Taking Time to Read T and C pages: Understanding the aggregator’s terms of service or conditions is critical because if rushed, a lot of valuable information can be missed.
Risk & Considerations
Security Risks – Using aggregator bridging services that connect to a myriad of other bridges and smart contracts could give hackers an opportunity to exploit the system.
Slippage and Hidden Costs – There could be unaccounted costs other than slippage that are not disclosed beforehand. Take account of all expenses that will be incurred before approval.
Network Congestion Impact – Discounts do not eliminate the possibility of encountering delays or increased expenses. Your transfer timings are still crucial.
Compatibility Issues – Ensure that the tokens and chains that you intend to use are compatible with the aggregator that you intend to use before proceeding to transfer.
Centralization Concerns – The use of centralized components by some aggregators could be a risk to user control and system decentralization.
User Errors – Entering incorrect destination addresses, or selecting wrong networks could result in permanent loss of funds. Reconfirming all details is crucial.
Pros & Cons
Pros | Cons |
---|---|
Finds the lowest fees across multiple bridges | Potential hidden fees or slippage |
Saves money by applying volume-based discounts | Security risks if using unverified platforms |
Simplifies the bridging process | May not support all tokens or chains |
Speeds up transfers with optimized routes | Possible delays during network congestion |
Access to exclusive promotions and discounts | Centralization risks in some aggregators |
Conclusion
To sum up, utilizing aggregator discounts greatly helps in minimizing bridging fees when moving crypto assets from one blockchain to another. The work of aggregators who deal with transferring cryptocurrencies regardless of the blockchain provides value since they evaluate the market of several bridges to determine the best one.
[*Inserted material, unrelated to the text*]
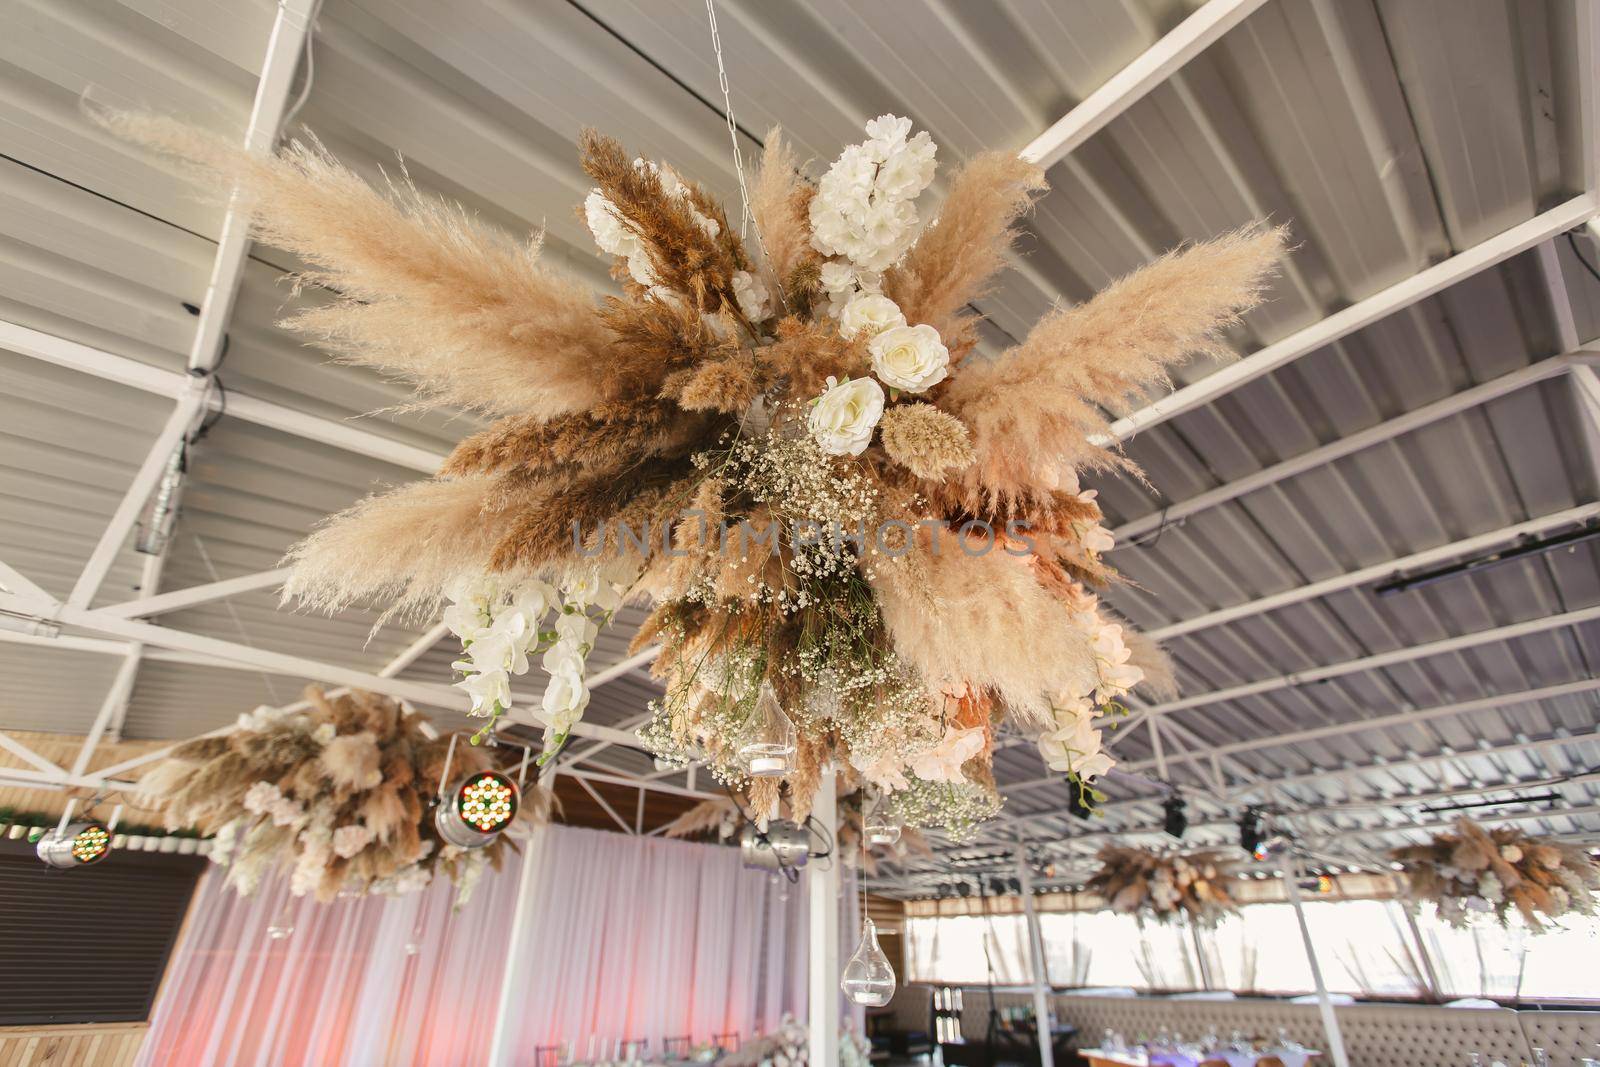 Wedding decor for newlyweds at a banquet. Floristry of dried flowers and candles in boho style.

If users rely on trustworthy aggregators, pick the right time for the transfers, and steer clear from the usual mistakes, they can make substantial savings in spending and enhance the efficiency of cross-chain transfers. Using these solutions helps crypto users, who want to limit bridging expenses.
FAQ
How do aggregator discounts work?
Aggregators compare multiple bridges and routes to find the lowest fees and offer discounts based on transaction volume or partnerships.
Are aggregator discounts always guaranteed?
No, discounts depend on the aggregator’s deals and current network conditions; fees may vary.
How can I choose a reliable aggregator?
Look for platforms with good security audits, user reviews, and transparent fee structures.